We make every attempt to successfully protect the usage of the master seed, but there remains a risk in leaving our secrets with a cloud provider in a single service. A seed recovery plan in place makes sure that we have multiple ways to recover the master seed in a disaster scenario.

Seed recovery

Part of our initial seed generation process involved splitting the seed into multiple encrypted shards to enable recovery by a group of people involved in the design of the salt server system. We used Unit 410’s Horcrux utility to accomplish this.

Horcrux uses Shamir’s Secret Sharing to generate multiple encrypted parts of the seed and allows decryption with a specified subset of the shards. Each of the shards was encrypted with a hardware key owned by each individual in the group, adding a geographically distributed level of security.

The encrypted shards are stored redundantly in multiple remote servers. Since they are encrypted, we store them together and add the redundancy to avoid a single point of failure. In a scenario where the key was lost from the server, recovery is made swift and secrecy is maintained through Horcrux.

Trade-offs

Our salt server production system looks quite different from the many other services we run. The security constraints we placed on the service by running it in Nitro Enclaves makes operationalizing the salt server its own challenge.

Every network proxy addition we make to the enclave is an additional potential surface for exfiltration of the master seed. As long as we continue to follow the same practices for each new OAuth provider, we expect the attack surface to remain the same. We don’t anticipate needing more network traffic into and out of the enclave itself.
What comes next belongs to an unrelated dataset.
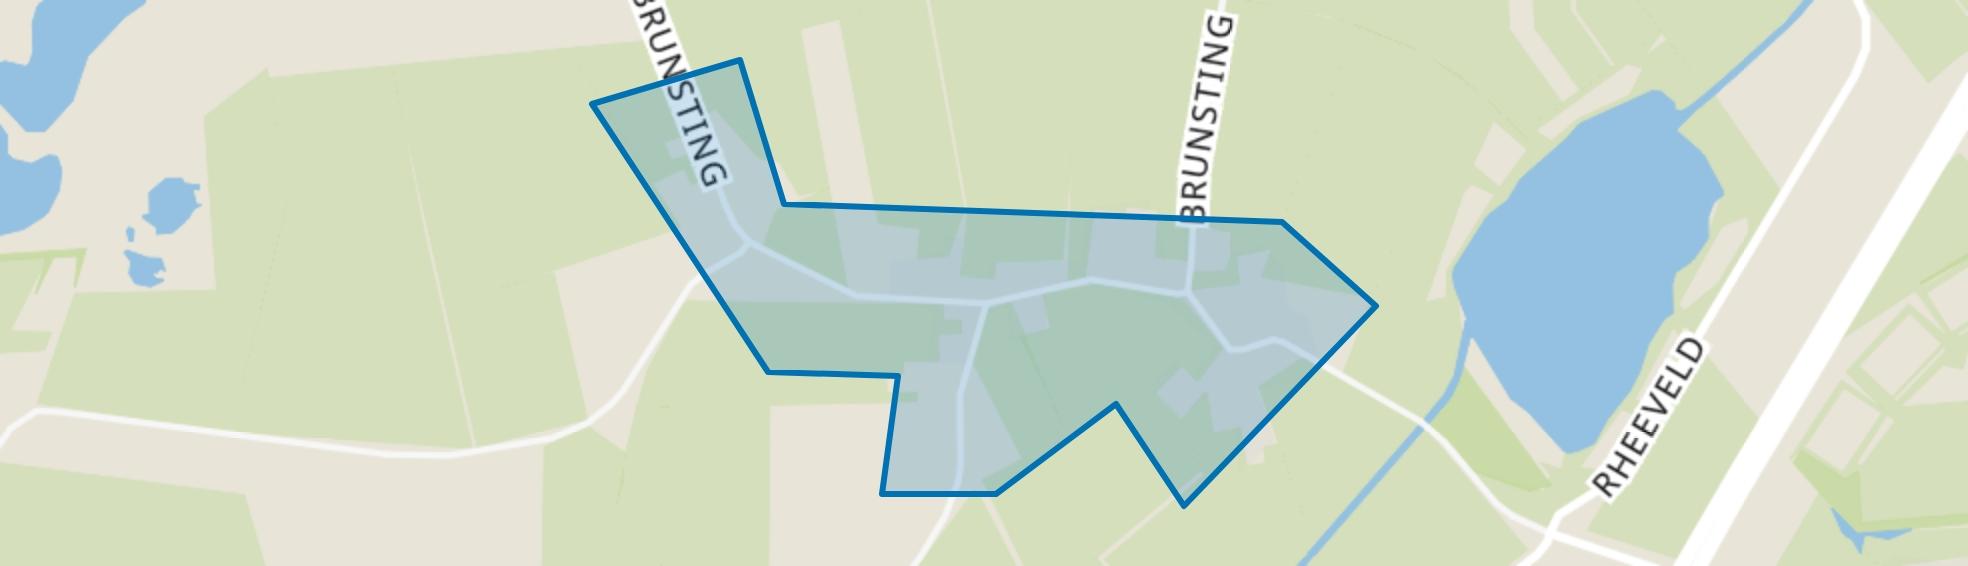 Brunsting, Beilen map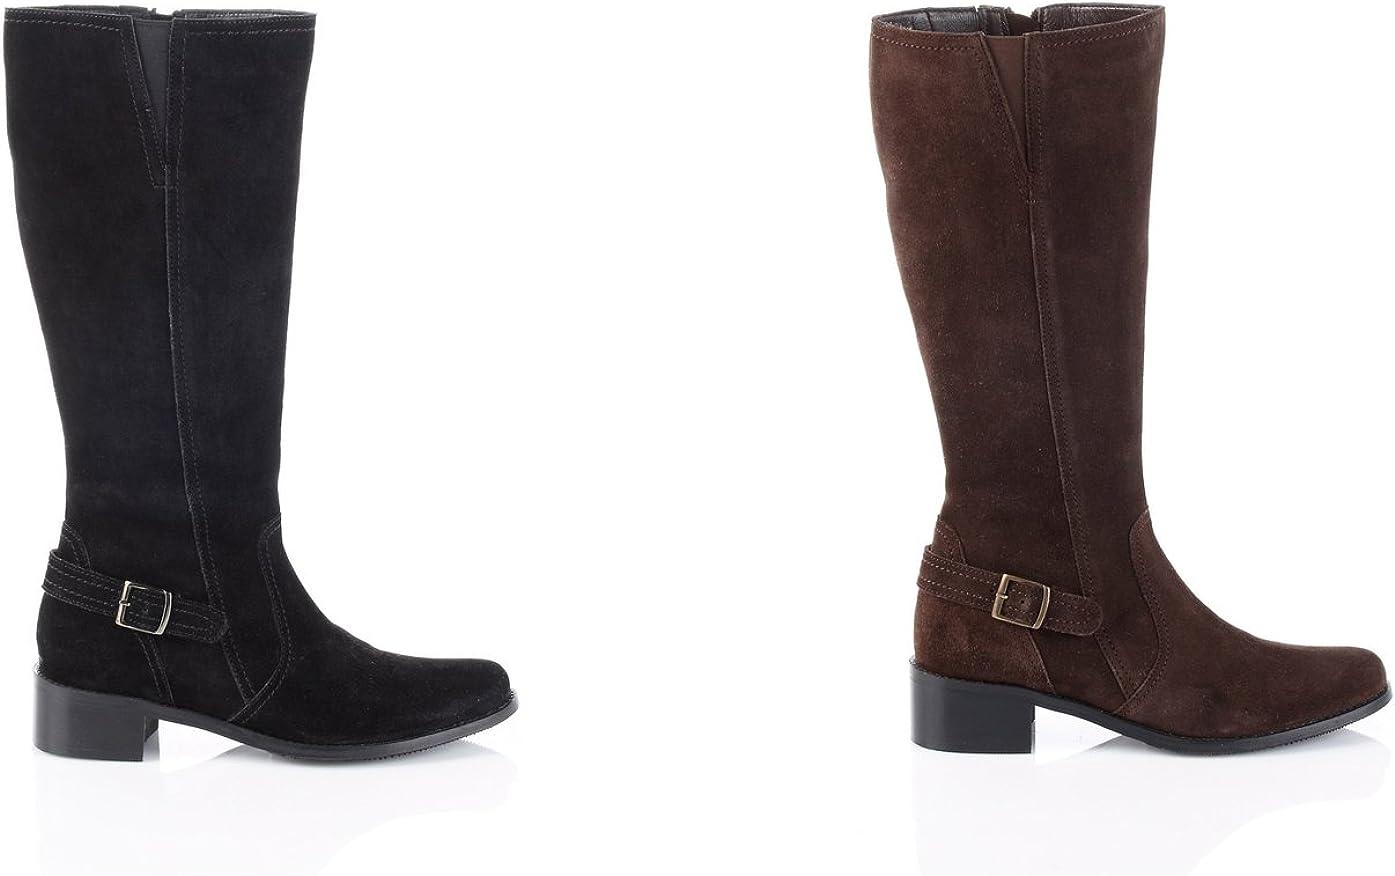 18 inch calf boots uk

The salt server by necessity must remain simple; communication with other Mysten Labs' services and integration with new tooling over time will likely require individual specific consideration for the security trade-offs involved. We will maintain the system in a severely constrained environment in an effort to maintain what is ultimately a critical piece of the system for applications built on our zkLogin implementation.

Security first

At Mysten Labs we focus on solving foundational problems and zkLogin is evidence of that focus in action. As we continue to build other new constructs similar to and on top of zkLogin, we will hold our systems to the highest standards of security in cryptographically provable ways. Our implementation, combined with the power of Nitro Enclaves and Horcrux, demonstrates commitment to those standards and brings the benefits of Web3 to everyone.